As a recent Canary Technology blog post noted about the current state of hotel housekeeping, “...[housekeeping] staff often have to guess when rooms open up. Not only can this be bothersome for guests, but the process itself is highly inefficient.”
However, hotels that offer guests the ability to checkout via their mobile phone (also known as Contactless Checkout) can ensure their housekeeping staff knows immediately when a guest has left, when they plan to leave, or if extra time in the room was requested — all in real time!
Housekeepers are generally meant to thoroughly clean a large number of rooms each day. However, thoroughly doesn’t necessarily mean everything. Your housekeeping staff doesn’t have the time or resources to do actual deep cleaning, such as shampooing rugs.
To ensure the rooms in your hotel are consistently guest-ready, it’s best to have a team of outside experts come in and conduct a deep cleaning on a regular basis. This allows your housekeeping staff to focus on the routine daily cleaning and turn over more rooms throughout the day.
6. Shadow Your Housekeeping Team To Identify Optimization Opportunities
Nothing quite educates an individual like firsthand experience. If you’re in a management position at a hotel, you may want to consider joining a housekeeping shift to see how your staff operates in real-time. This can provide a variety of opportunities to identify areas of improvement and make recommendations across the organization that can help streamline hotel housekeeping duties.
7. Deploy Maintenance Checklists for Every Shift
Outside of a guest, a member of your housekeeping team is likely to be the first person to notice when something isn’t working properly or is broken inside a room. A burned out lamp light, a radiator on the fritz, or a busted door hinge — these are all common occurrences your housekeeping staff are likely to come across frequently, but aren’t necessarily equipped to deal with.

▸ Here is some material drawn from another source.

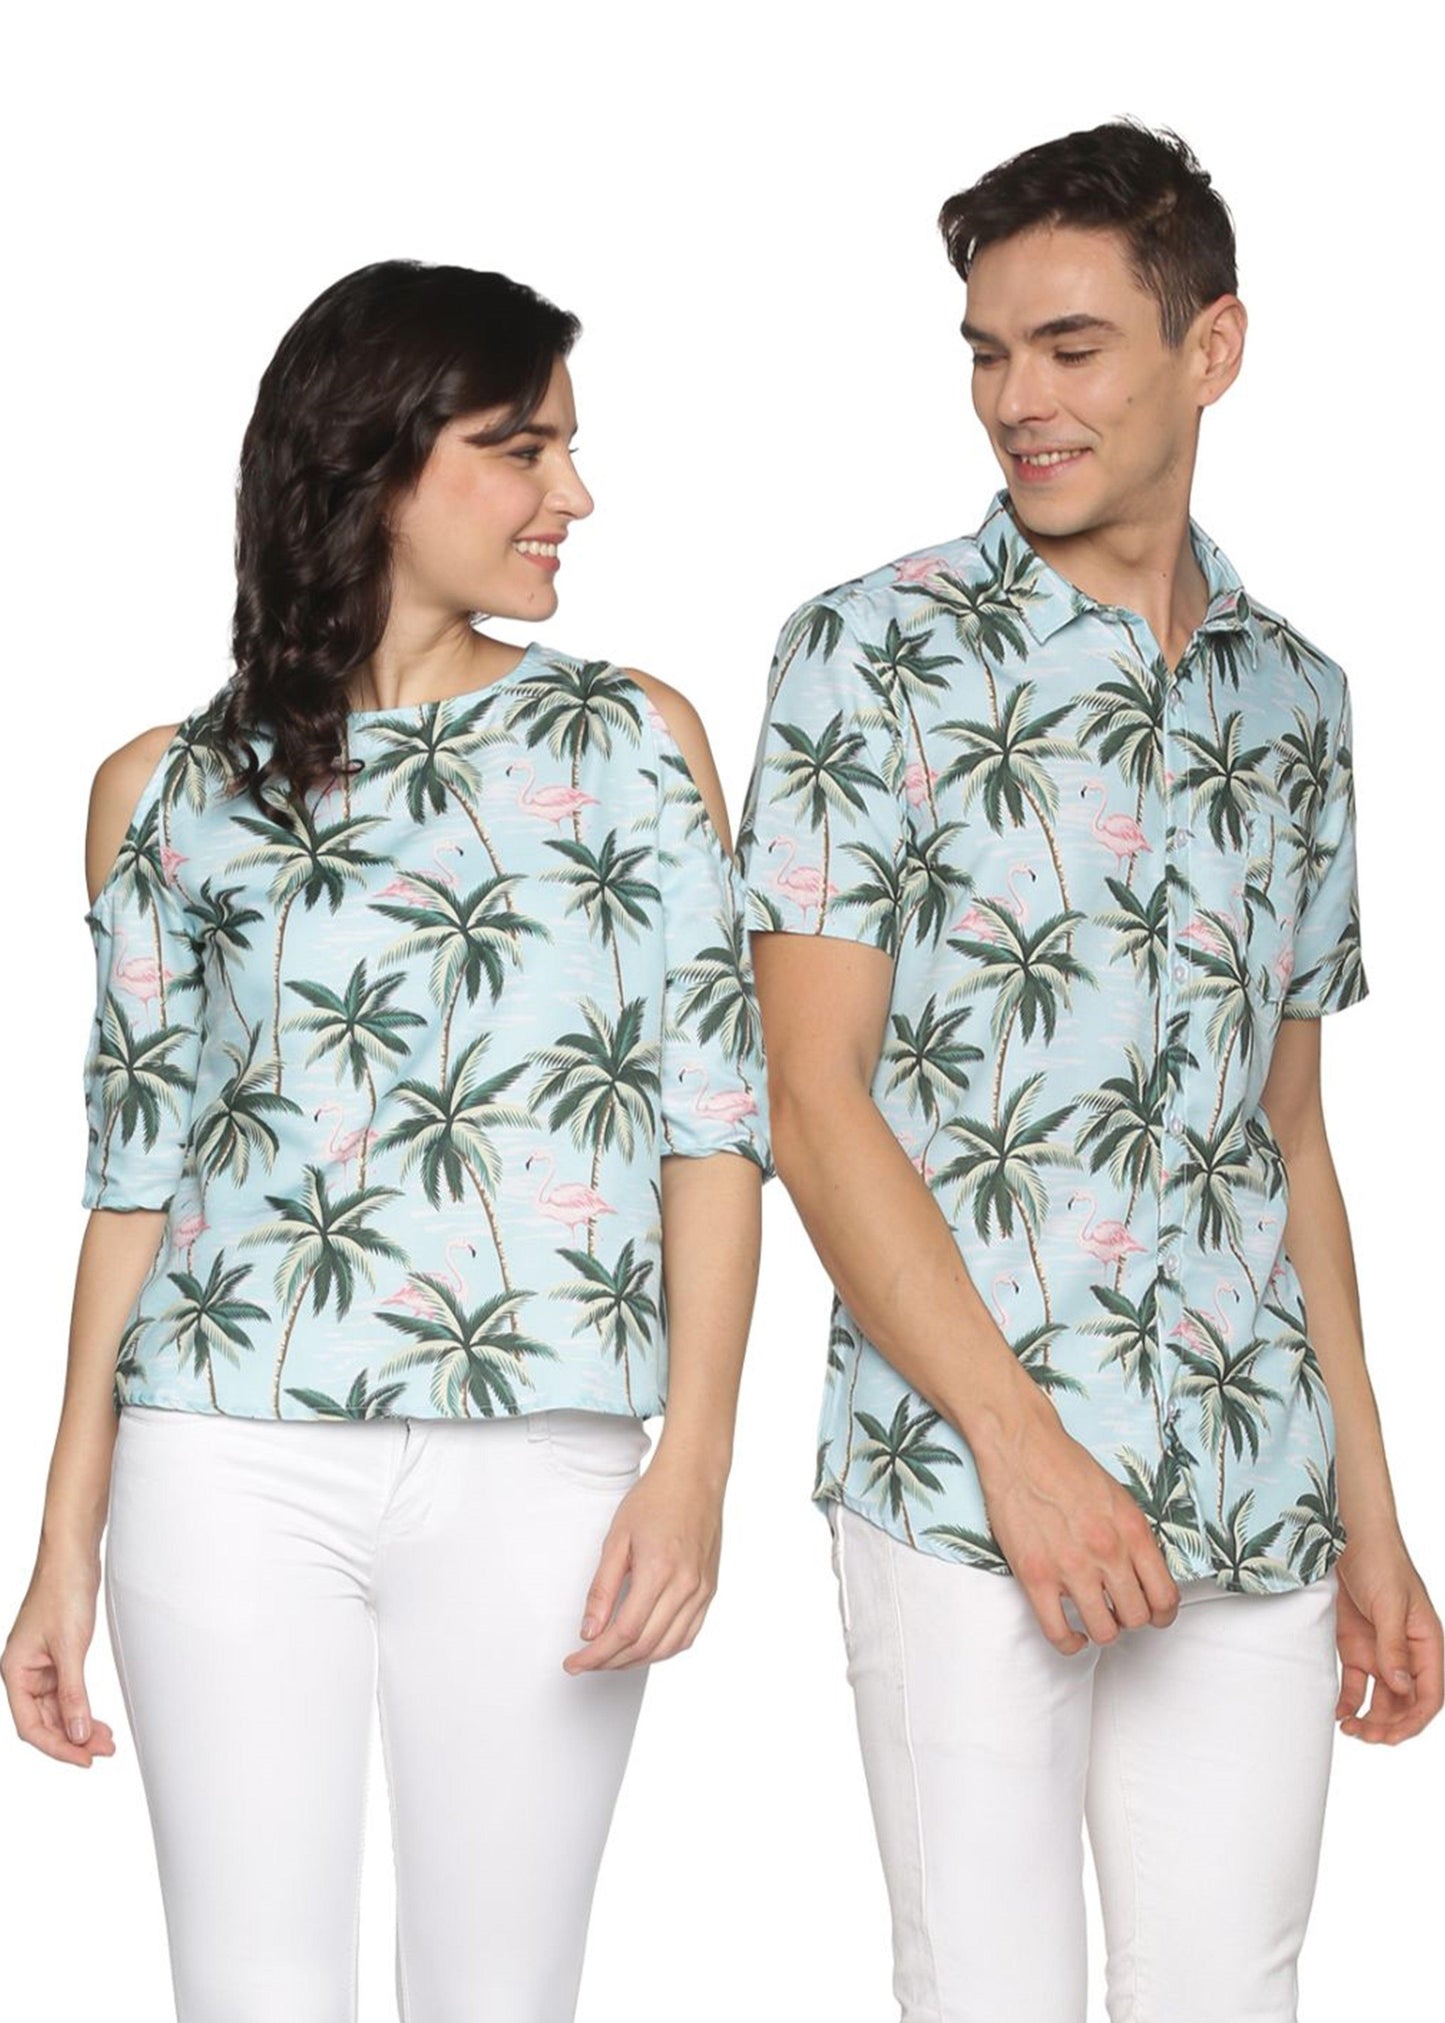 Bahamas Couple Matching Dress - Tusok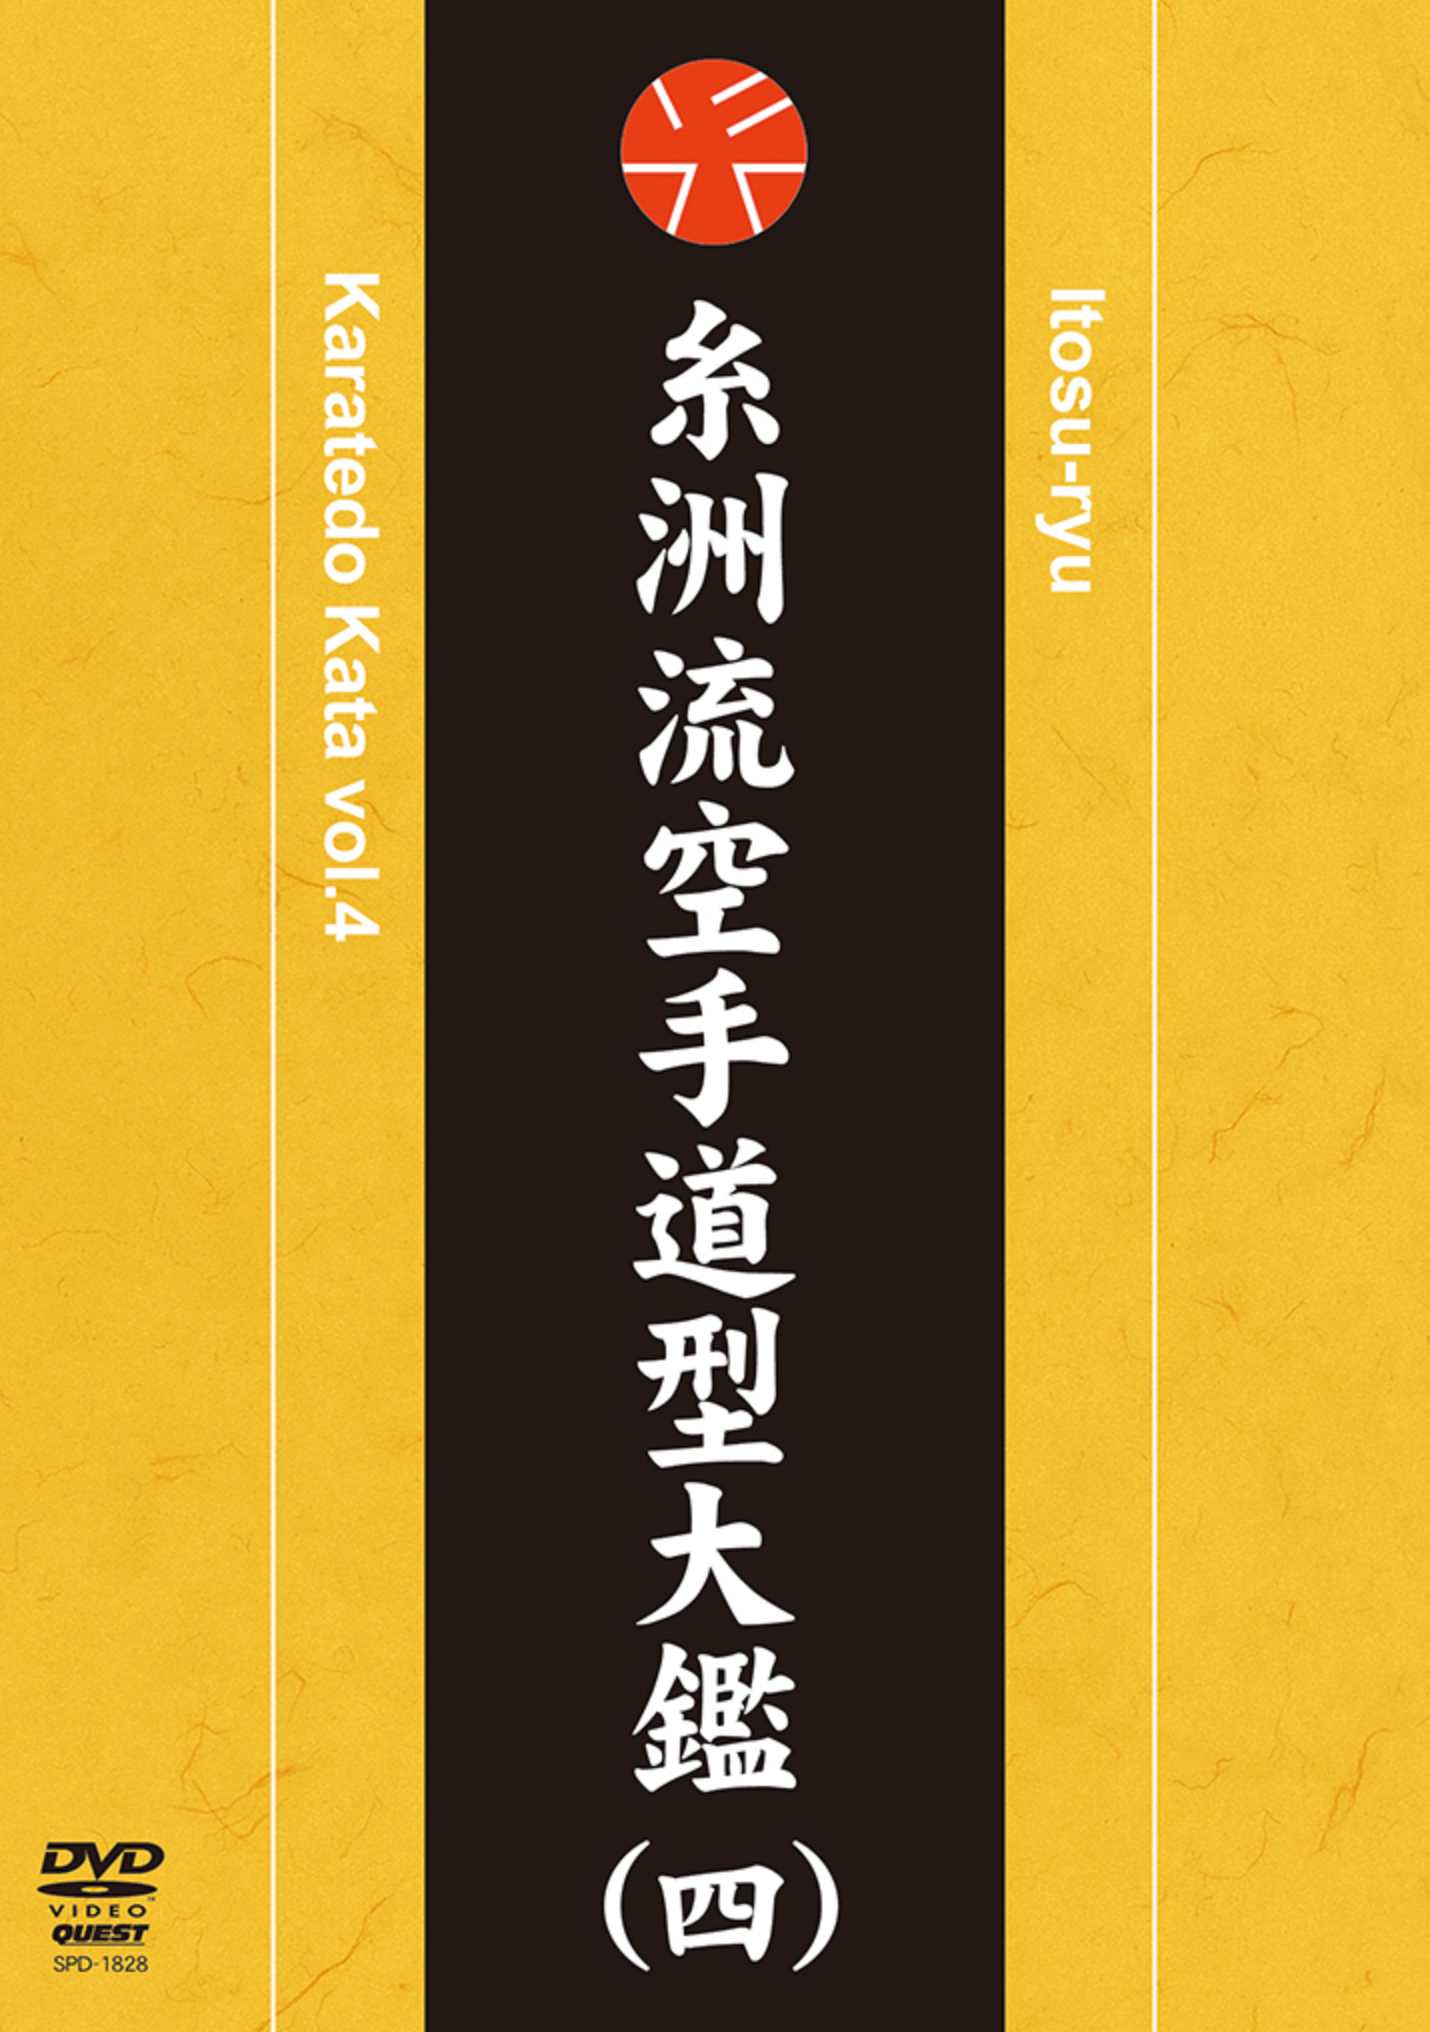 Itosu Ryu Karatedo Kata DVD 4 by Sadaaki Sakagami - Budovideos Inc

Providing every housekeeping shift with a pre-formatted checklist in which they can call out any room amenities and basic features that need the attention of a maintenance team preempts your staff from having to keep track of these issues on their own and report them individually.
8. Update Training Resources for New Hotel Housekeeping Staff Hires
COVID-19 changed the game in all kinds of ways for the hospitality industry, and housekeeping departments across the globe were hit with never-before-seen challenges. From new standards of cleanliness to new ways of thinking about operations, changes have been widespread.
To ensure you are able to onboard new staff hires efficiently — and get them turning over rooms as quickly as possible — you should update any training materials you have with the latest standards and operational procedures.
When housekeeping coverage is spread thin, it’s best to get as many properly-trained hands on deck as quickly as possible.